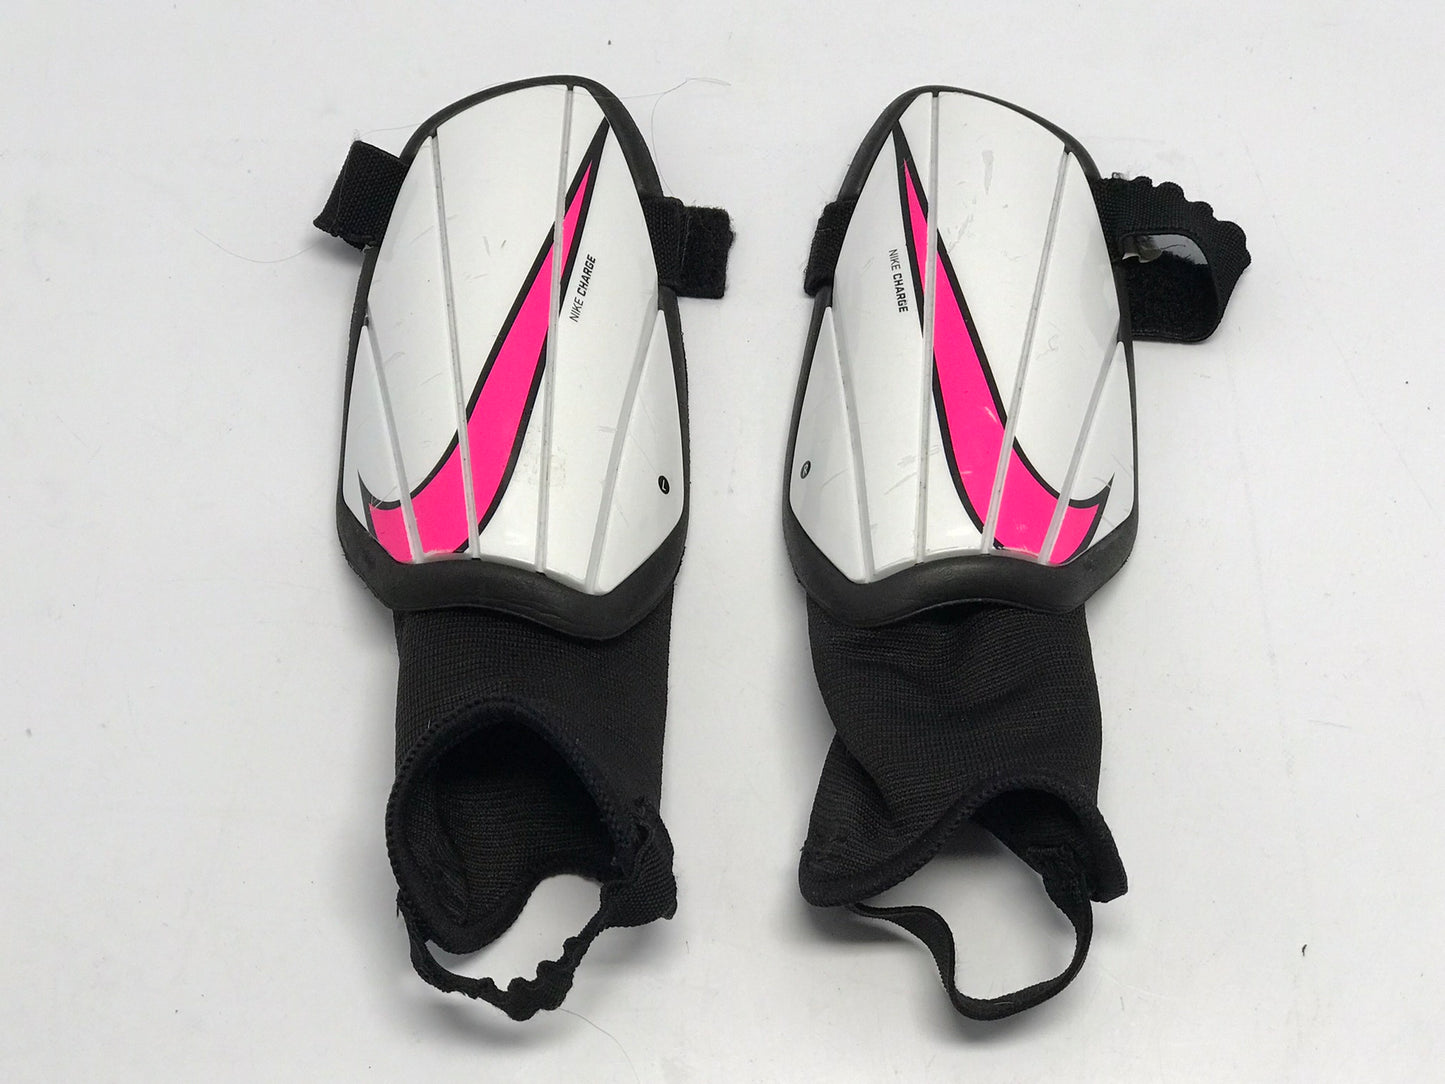 Soccer Shin Pad Child Size 4-6 Nike Black White Pink Excellent
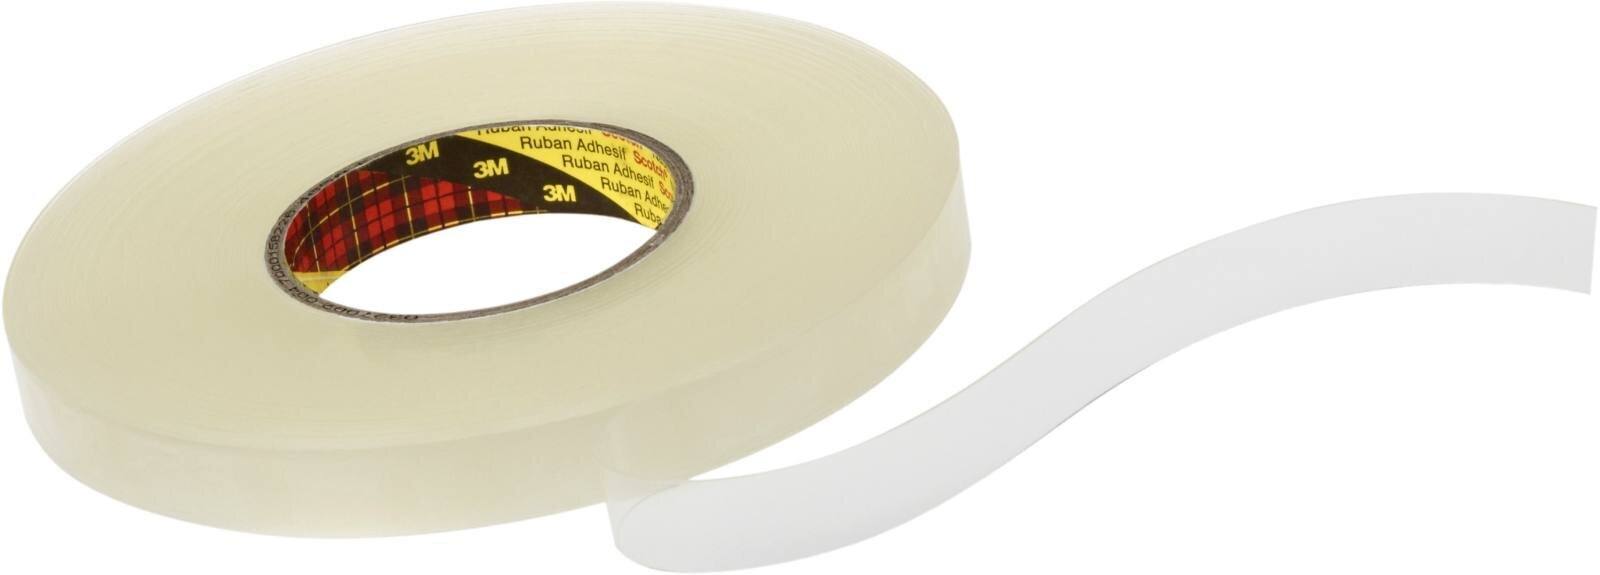 3M double-sided removable adhesive tape 4658F, transparent, 600 mm x 25 m, 0.8 mm
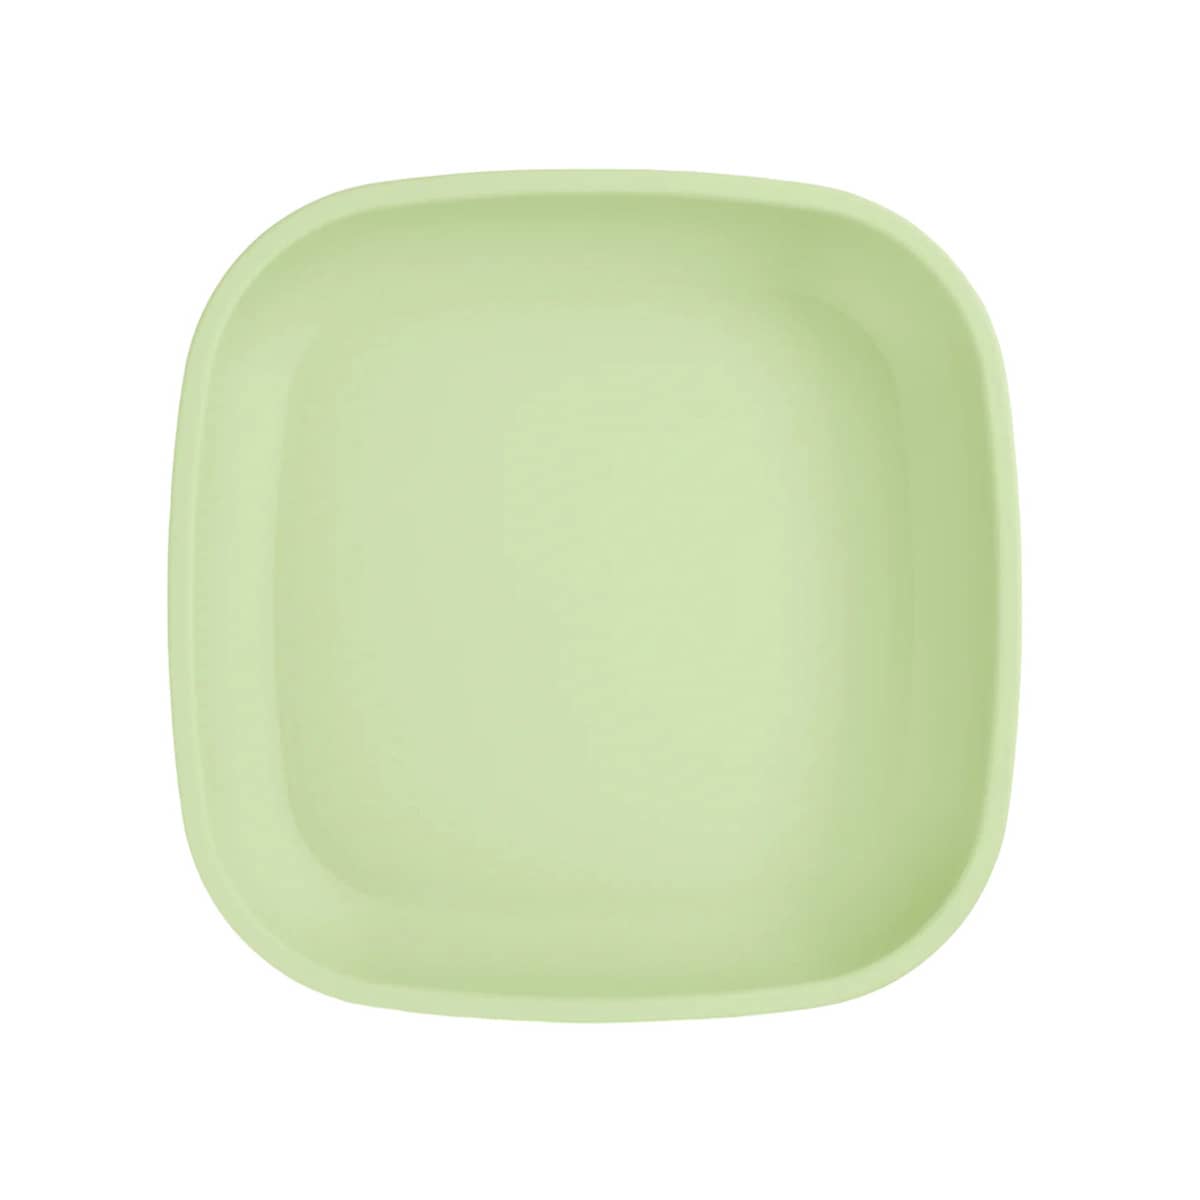 Re-Play Recycled Flat Plate - Naturals Collection - Leaf Green

Work required. Retype the material above exactly, images excluded.

Output for this task.
 Soccer Shin Pad Child Size 4-6 Nike Black White Pink Excellent
 3M double-sided removable adhesive tape 4658F, transparent, 600 mm x 25 m, 0.8 mm
 Re-Play Recycled Flat Plate - Naturals Collection - Leaf Green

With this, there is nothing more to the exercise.